Together, the essays reinforce the idea of ever-evolving tradition and cultural interaction, and the great importance of personal appearance on the African continent. While the composite picture that emerges is informative, it is the richness of the specific stories that make this anthology compelling. For example, Suzanne Gott’s study of Ghanaian kaba, a three-piece woman’s ensemble, not only traces the history and varieties of the outfit and shows the way it combines indigenous and European elements, but also explains its significance as a sign of mature womanhood. Gott explains the sometimes double-edged communicative meanings of the named cloth patterns, and the way women judge one another on the quality and appropriateness of the fabric they incorporate as well as the ensemble they put together. Since kaba is made to order, the creation of any given outfit is a collaborative process. Joanna Grabski’s “The Visual City,” which explores the role of tailors in Dakar, Senegal, reinforces many of these same ideas. It chronicles the great range of form, price, and style in a city with over 20,000 tailors. Another author, Hudita Nura Mustafa, profiles one of Dakar’s more high-style innovators, Oumou Sy, whose work ranges from ready-to-wear to made-to-order to performance costume, all of which alludes to meanings of Senegalese and African identity.

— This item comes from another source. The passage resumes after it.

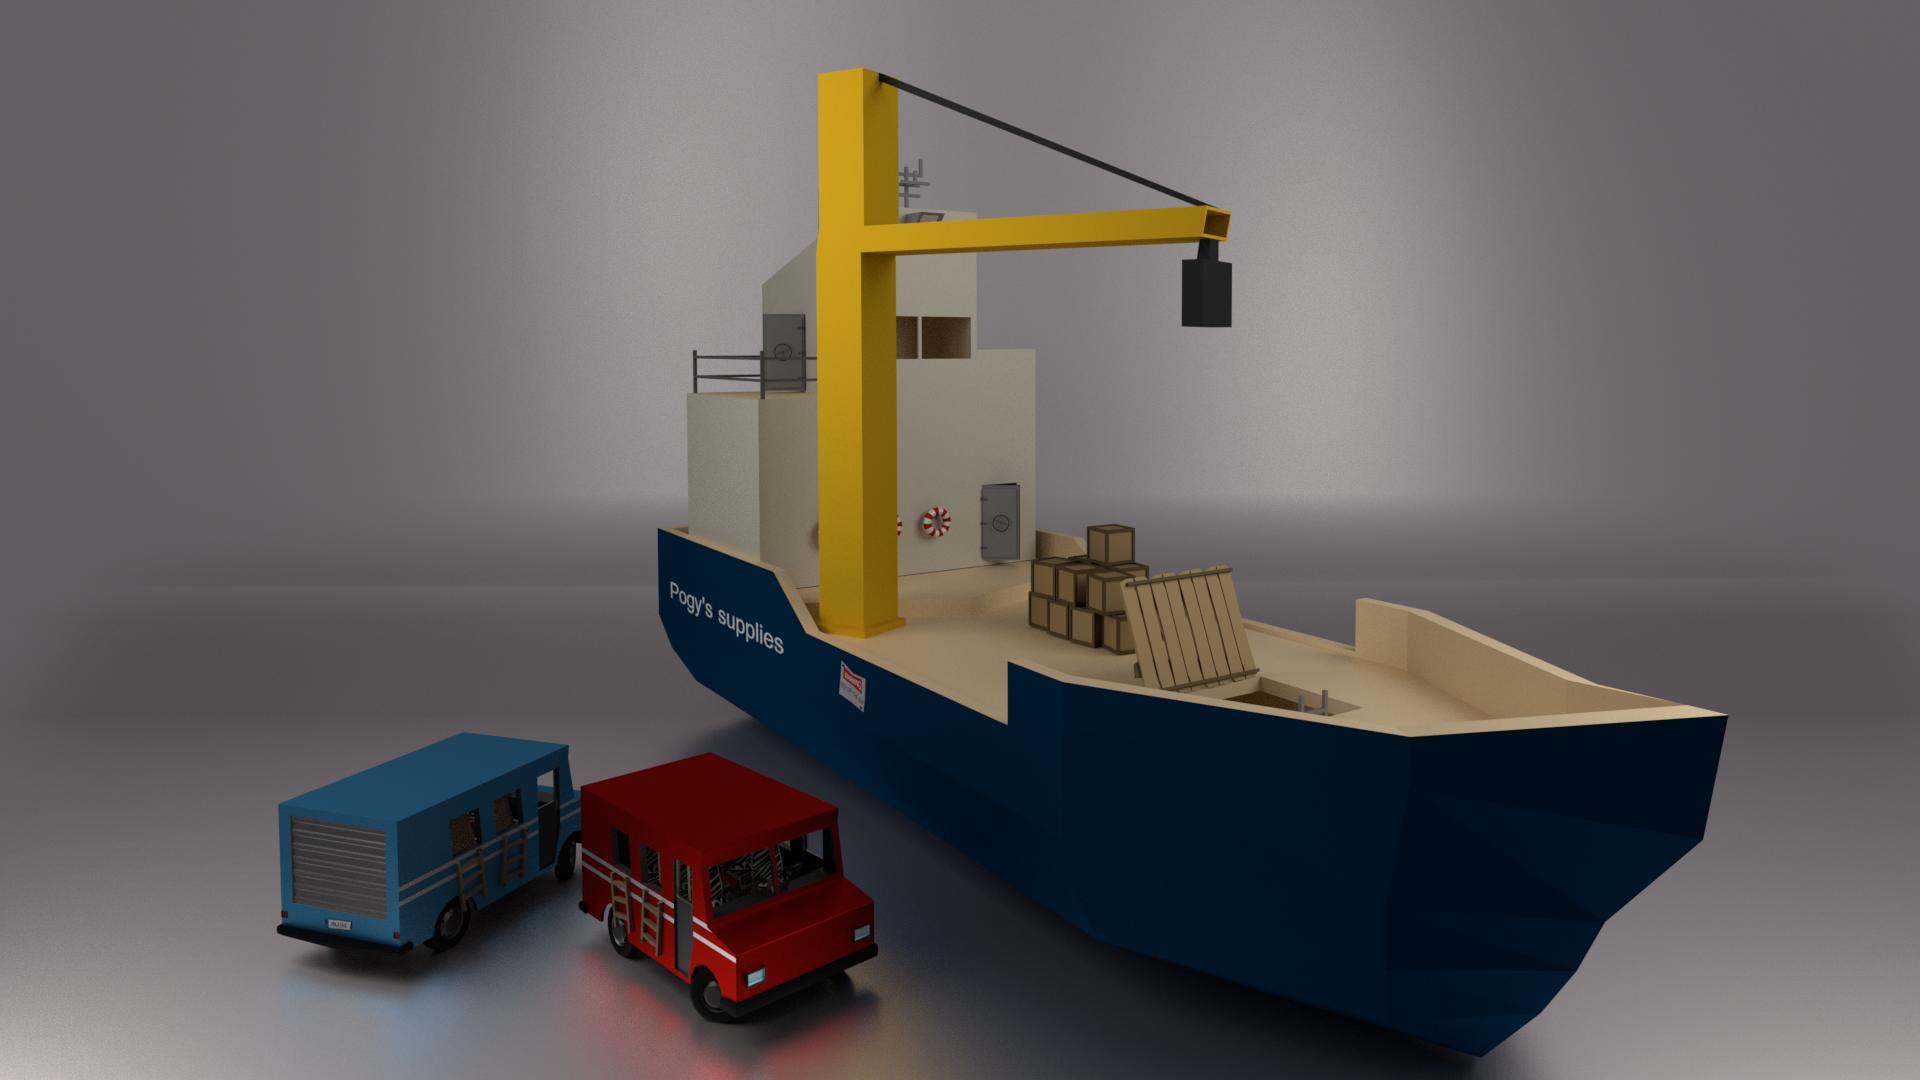 New ship model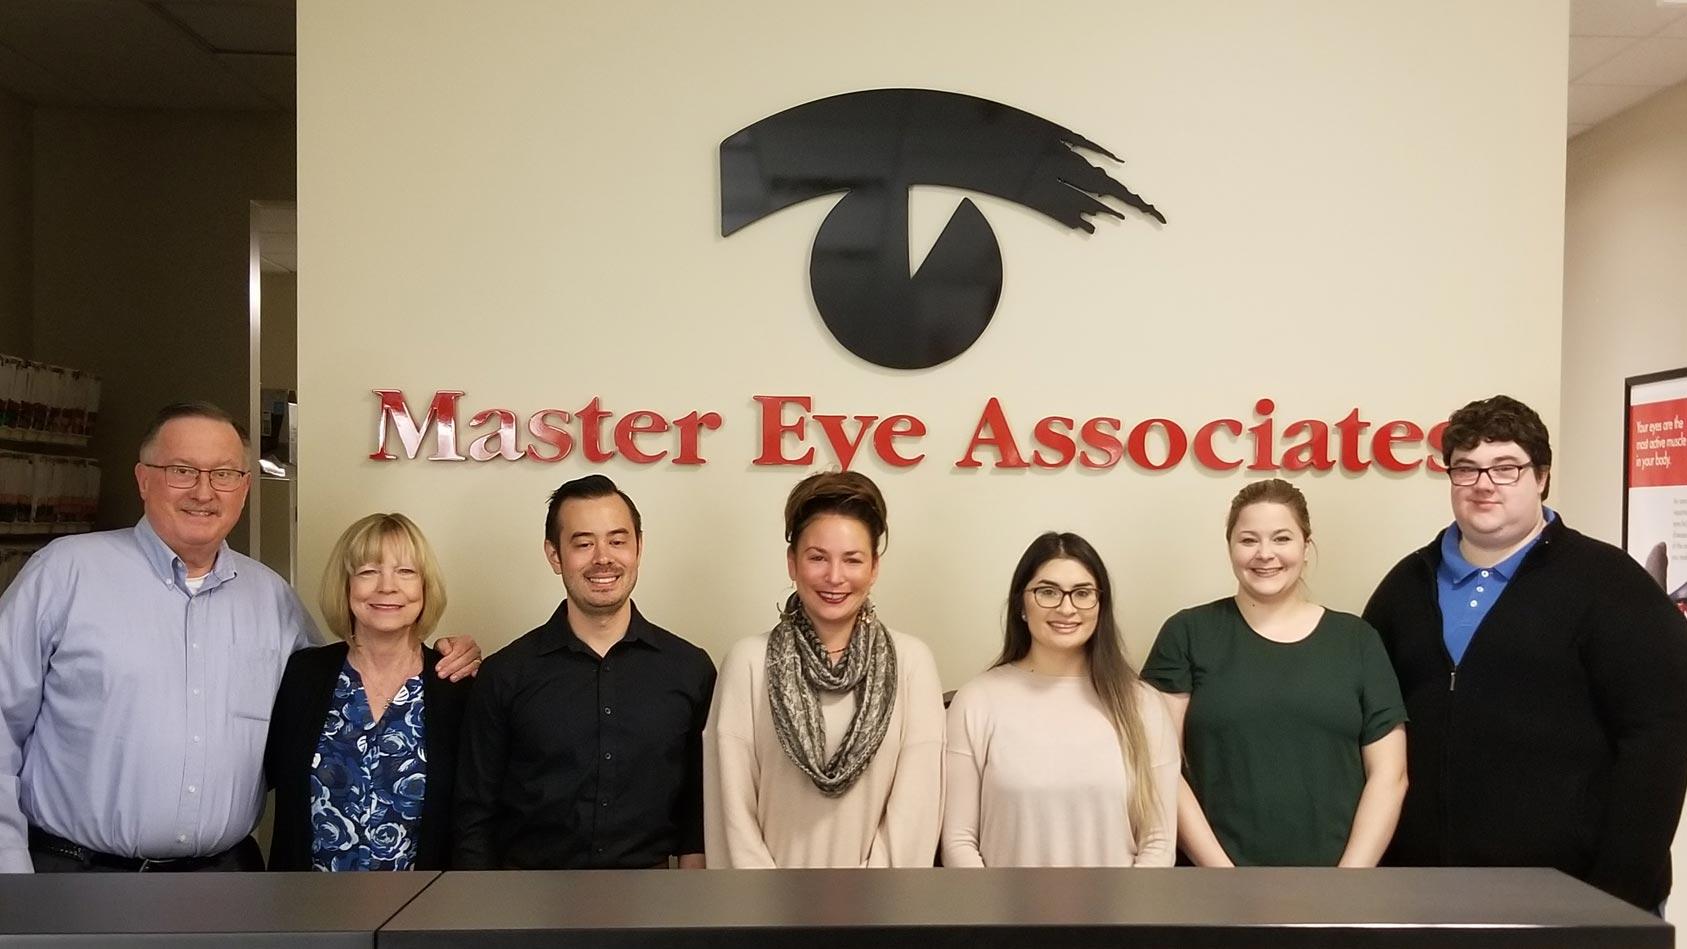 Master Eye Associates in Vancouver, WA

Other essays reveal still more aspects of fashion. Elisha Renne chronicles contemporary wedding fashion in Lagos, Nigeria, highlighting the increasing importance of the Western white wedding and the way fashion can express individuals’ negotiation of/ambivalence about “traditional” and “modern” identities. Rebecca Green focuses on the Madagascar lamba and its connection to burial shrouds. Shrouds are the means by which the deceased achieve “ancestor” status, and their descendants connect with ancestors through them. Lambas, like shrouds, are silk, and have resonance because of the ancestral association, but they also have new meanings in high fashion and performance art contexts. Heather Akou unpacks the many variations in the dress of Somali refugees in the Twin Cities, explaining how Somali dress has always been a bricolage tradition. Her description of the “Somali malls” is fascinating, and offers a fascinating glimpse of transnational cultural practice. Karen Hansen’s article on secondhand clothing in Africa (with special attention to Zambia) highlights another side of international exchange, but also stresses “clothing competence” and the discriminating, creative ways consumers select and combine garments and create new fashions out of the old.
Didier Gondola’s “Le Sape Exposed!” is one of the most interesting and well-illustrated essays in the book. Sapeurs are lower-class Congolese men who dress as dandies, creating intriguing personas or “false identities.” The tradition began in the colonial era when well-off Frenchmen gave their old clothes to the Congolese—first to prestigious chiefs, and later to the “houseboys” who served them. By the 1930s, the latter became fervent fashion connoisseurs. The tradition has not only continued in Africa, but also has been transplanted to Paris, where even poor immigrants dress in designer clothes. Today’s sapeurs present the fourth or fifth generation of these over-dressers, and the phenomenon has taken on mystical proportions.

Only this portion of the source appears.